REQUIRED WORK:
With pictures left out, output exactly the lines of the listing below from the line that has "LED Screen image" to the line that has "Leaping Feeding Hungry", both lines kept.

EXCERPTED RECORDS:
+++
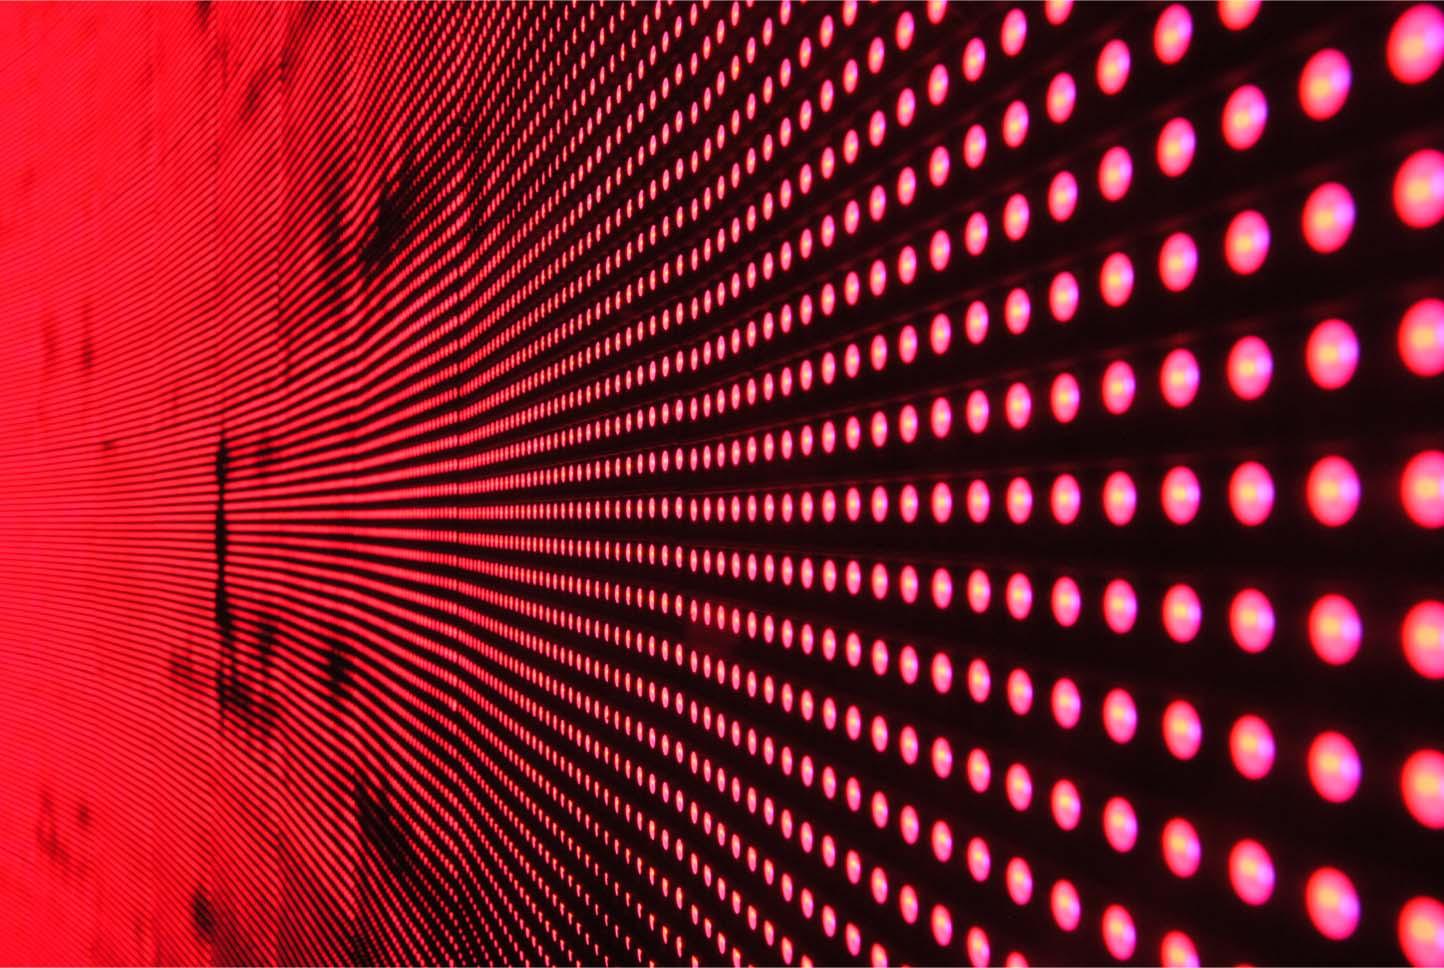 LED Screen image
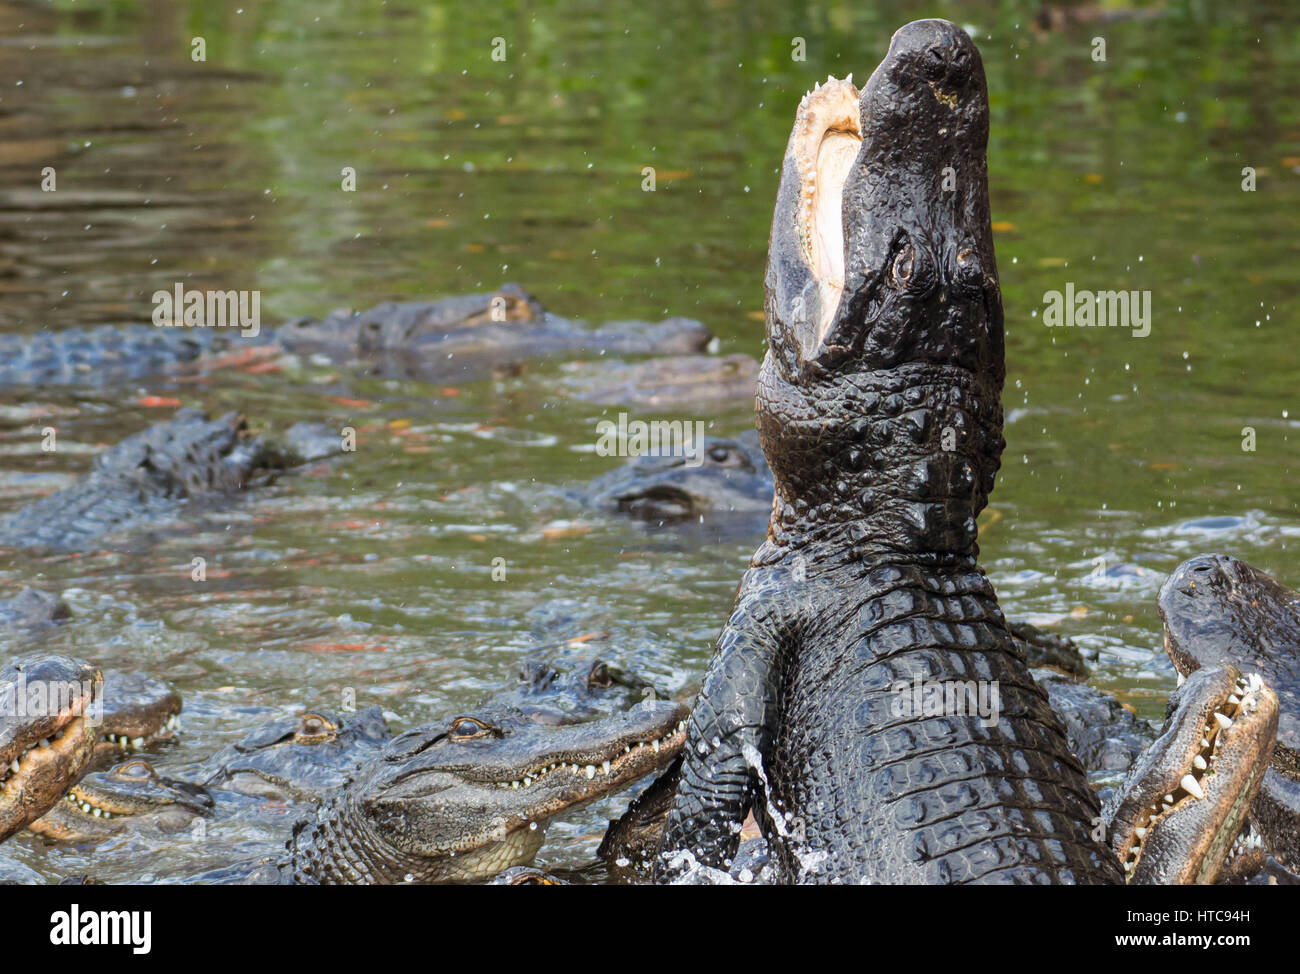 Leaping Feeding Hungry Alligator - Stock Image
+++
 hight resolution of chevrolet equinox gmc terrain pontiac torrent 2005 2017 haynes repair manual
+++
YOUR SOLUTION:
 LED Screen image
 Leaping Feeding Hungry Alligator - Stock Image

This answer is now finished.